Hamlet next received an appointment as official public analyst for the town of Kings Lynn and later fitted up a research laboratory for a large London brewery. He proceeded to the West Indies as chemist and assayer for a gold-mining company, however, he was obliged to return to England owing to illness.

He was advised to proceed to Australia for health reasons, and arrived in Sydney on 14 February 1884 where he was employed as a lecturer in chemistry for the Department of Education (New South Wales) and later as Assistant to the Government Analyst. In 1887, he was appointed Government analyst of New South Wales and retained the role until his retirement in 1915.

Hamlet was a member of the following bodies:

- Fellow of the Chemical Society of London (1875).

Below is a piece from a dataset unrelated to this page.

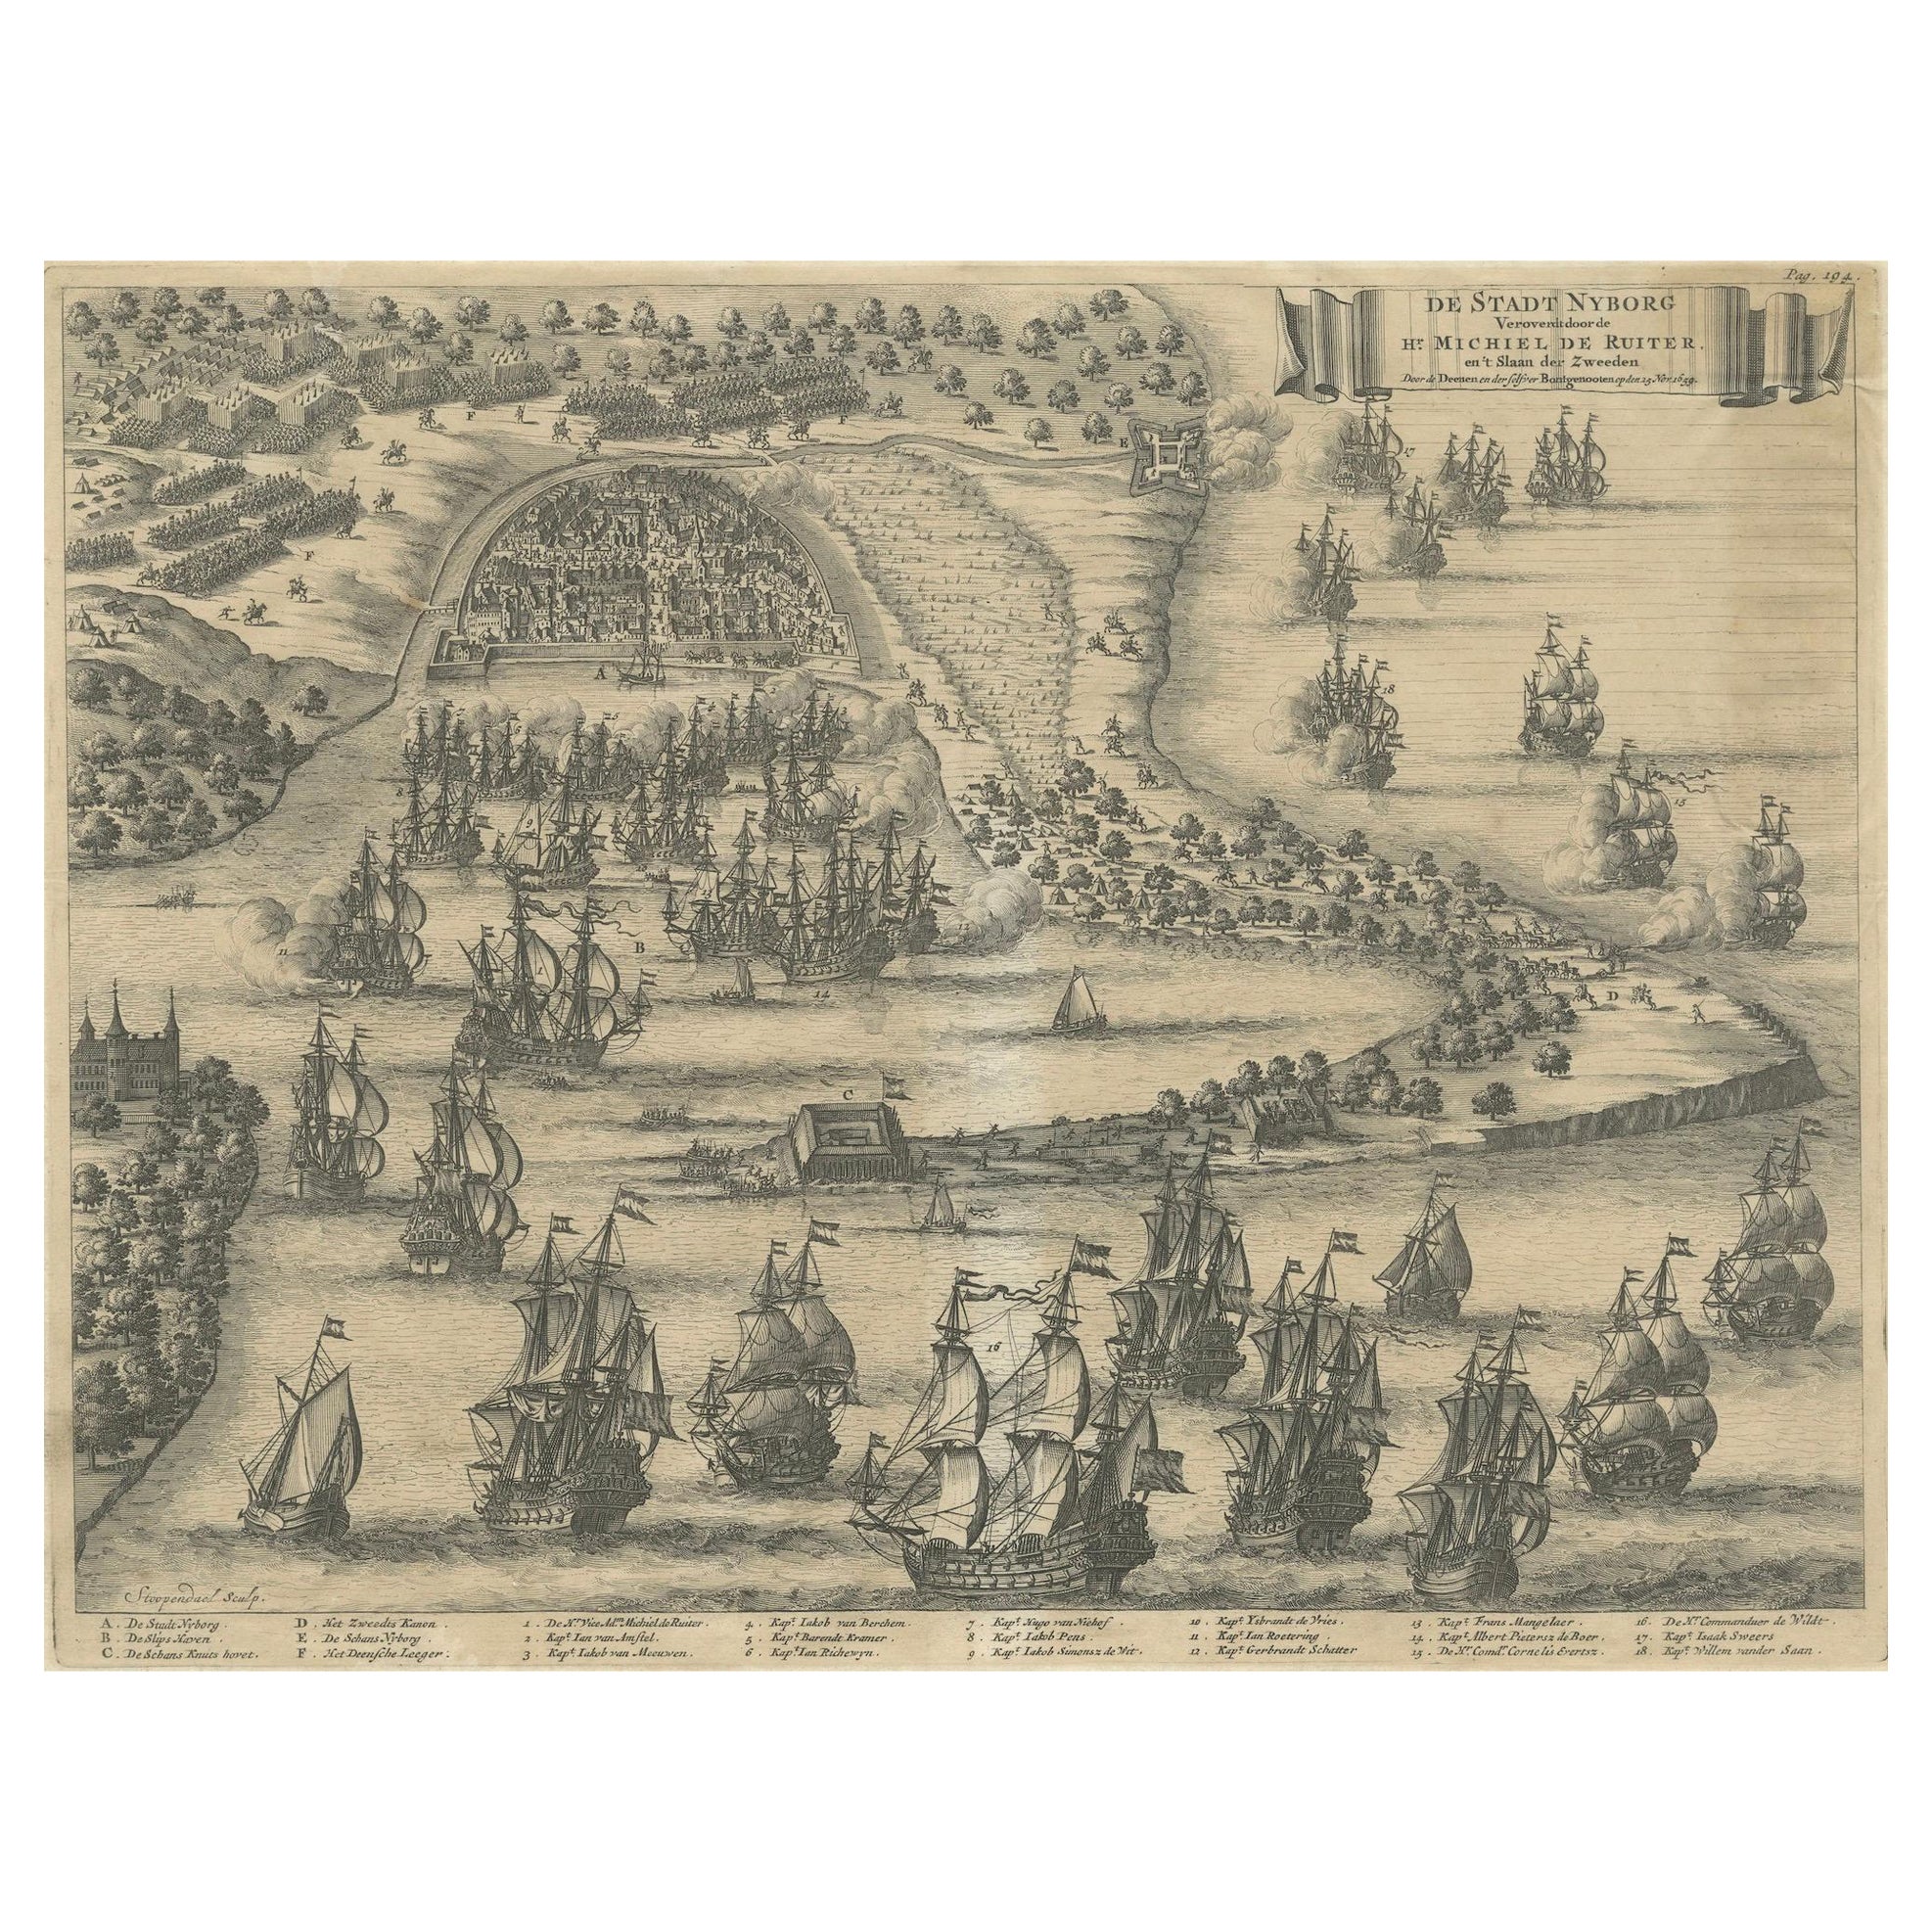 The Siege of Nyborg, 1659: A Strategic Battle of the Dano-Swedish War, 1746 For Sale

- Member of the Royal Society of New South Wales (1887), serving on its council in 1891-1915 and president in 1899-1900 and 1908-09.

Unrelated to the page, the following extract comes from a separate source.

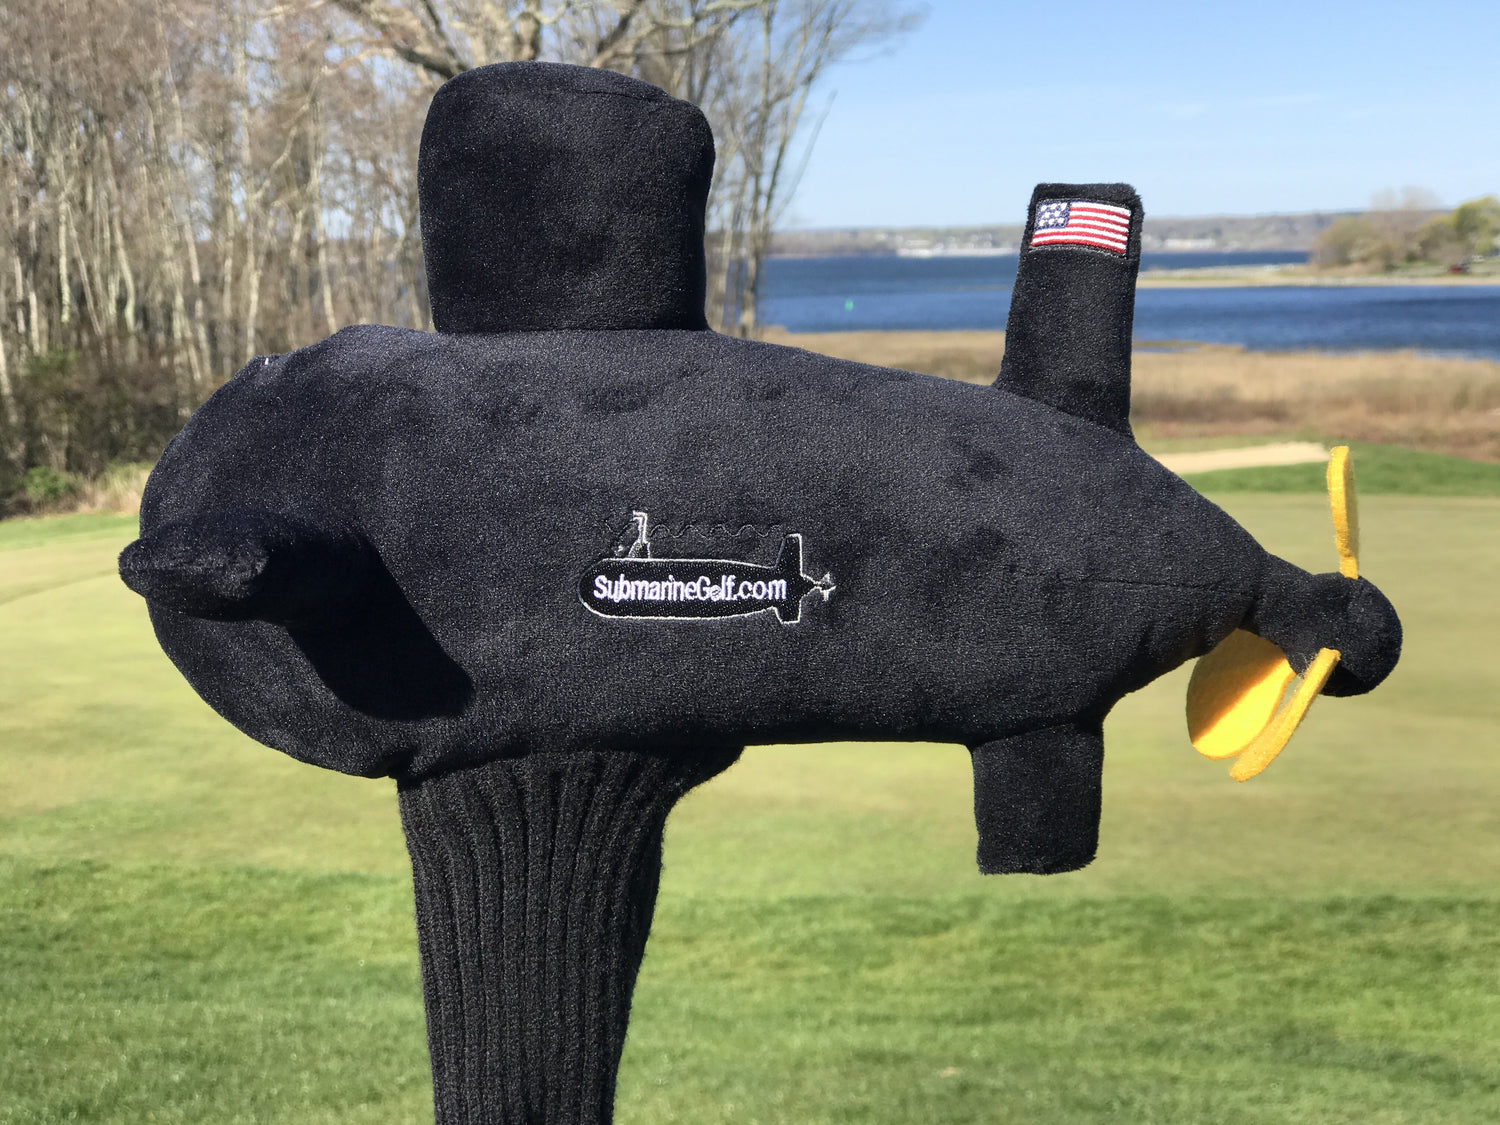 Golf ball gift pack – Submarinegolf

- Fellow of the Institute of Chemistry of Great Britain (1888).

- President of the Australasian Association for the Advancement of Science, section B, chemistry and mineralogy (1892).

On 19 April 1887 Hamlet married English-born Ada Murray. They had five children. The family lived at Mosman, New South Wales and later at Glenbrook, New South Wales.

Hamlet was a keen recreational walker. In 1895 he was a co-founder of the Warragamba Walking Club, of which his friends Professor John Le Gay Brereton and Henry J. Tompkins were also members. In 1908, 1912 and 1914 he undertook three walking tours along the east coast of Australia. Accounts of these walks appeared under the title, "Pictures of Travel," in The Sydney Morning Herald, during 1908, 1912 and 1914.

Hamlet was a small man, with a mustache and beard. He was widely read and was an accomplished organist.

William Mogford Hamlet died at his residence, "Glendowan," Glenbrook, on 18 November 1931 at the age of 81 years, leaving a widow and three children.